Theo drew Vincent into the bedroom, where the baby was sleeping in his cradle. The two men looked at the child in silence, tears in their eyes. Johanna sensed that they would like to be alone for a moment; she tiptoed to the door. Just as she put her hand on the knob, Vincent turned smilingly to her and said, pointing to the crocheted cover over the cradle.

“Do not cover him too much with lace, little sister.”

Johanna closed the door quietly behind her. Vincent, looking down at the child once more, felt the awful pang of barren men whose flesh leaves no flesh behind, whose death is death eternal.

Theo read his thoughts.

“There is still time for you, Vincent. Some day you will find a wife who will love you and share the hardships of your life.”

“Ah no, Theo, it’s too late.”

“I found a woman only the other day who would be perfect for you.”

“Not really! Who was she?”

“She was the girl in ‘Terre Vierge,’ by Turgenev.
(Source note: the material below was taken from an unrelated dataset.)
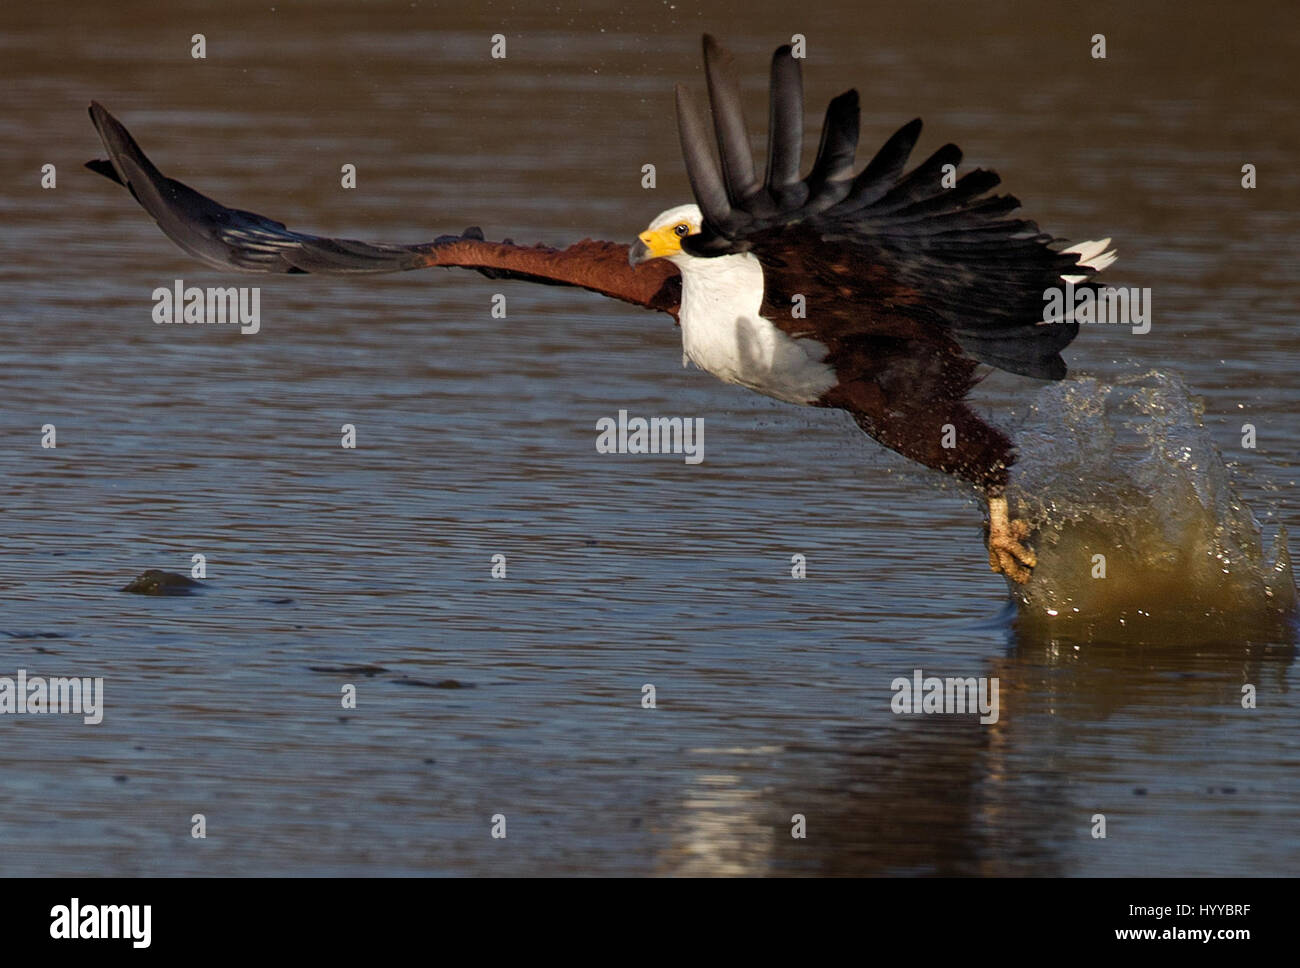 KRUGER NATIONAL PARK, SOUTH AFRICA: THE MOMENT a cheeky African Fish Eagle stole a hungry crocodile’s next meal has been captured by a gob-smacked tourist. The stunning shots show the large seven-pound eagle swoop in low to the water’s surface to catch a fish before flying off again. A peeved crocodile can be seen just behind the eagle as it looks forlornly at its catch escaping in the bird’s talons. While the fish would have only been an appetiser for the hungry croc it looks like it would make a substantial meal for the crafty eagle. The snaps were taken in Lower Sabie Dam in the Kruger Nati Stock Photo

Remember her?”

“You mean the one who works with the nihilists, and brings the compromising papers across the frontier?”

“Yes. Your wife would have to be somebody like that, Vincent; somebody who had gone through life’s misery to the very bottom . . .”

“. . . And what would she want with me? A one-eared man?”

Little Vincent awakened, looked up at them and smiled. Theo lifted the child out of the cradle and placed him in Vincent’s arms.

“So soft and warm, like a little puppy,” said Vincent, feeling the baby against his heart.

“Here, clumsy, you don’t hold a baby like that.”

“I’m afraid I’m more at home holding a paint brush.”

Theo took the child and held him against his shoulder, his head touching the baby’s brown curls. To Vincent they looked as though they had been carved out of the same stone.

“Well, Theo boy,” he said resignedly, “each man to his own medium. You create in the living flesh . . . and I’ll create in paint.”

“Just so, Vincent, just so.”

A number of Vincent’s friends came to Theo’s that night to welcome him back. The first arrival was Aurier, a handsome young man with flowing locks and a beard which sprouted out of each side of his chin, but conjured up no hair in the middle. Vincent led him to the bedroom, where Theo had hung a Monticelli bouquet.

“You said in your article, Monsieur Aurier, that I was the sole painter to perceive the chromatism of things with a metallic, gem-like quality. Look at this Monticelli. ‘Fada’ achieved it years before I even came to Paris.”

At the end of an hour Vincent gave up trying to persuade Aurier, and presented him instead with one of the St. Remy cypress canvasses in appreciation for his article.

Toulouse-Lautrec blew in, winded from six flights of stairs, but still as hilarious and ribald as ever.

“Vincent,” he exclaimed, while shaking hands, “I passed an undertaker on the stairs. Was he looking for you or me?”

“For you, Lautrec! He couldn’t get any business out of me.”

“I’ll make you a little wager, Vincent. I’ll bet your name comes ahead of mine in his little book.”

“You’re on. What’s the stake?”

“Dinner at the Café Athens, and an evening at the Opéra.”

“I wish you fellows would make your jokes a trifle less macabre,” said Theo, smiling faintly.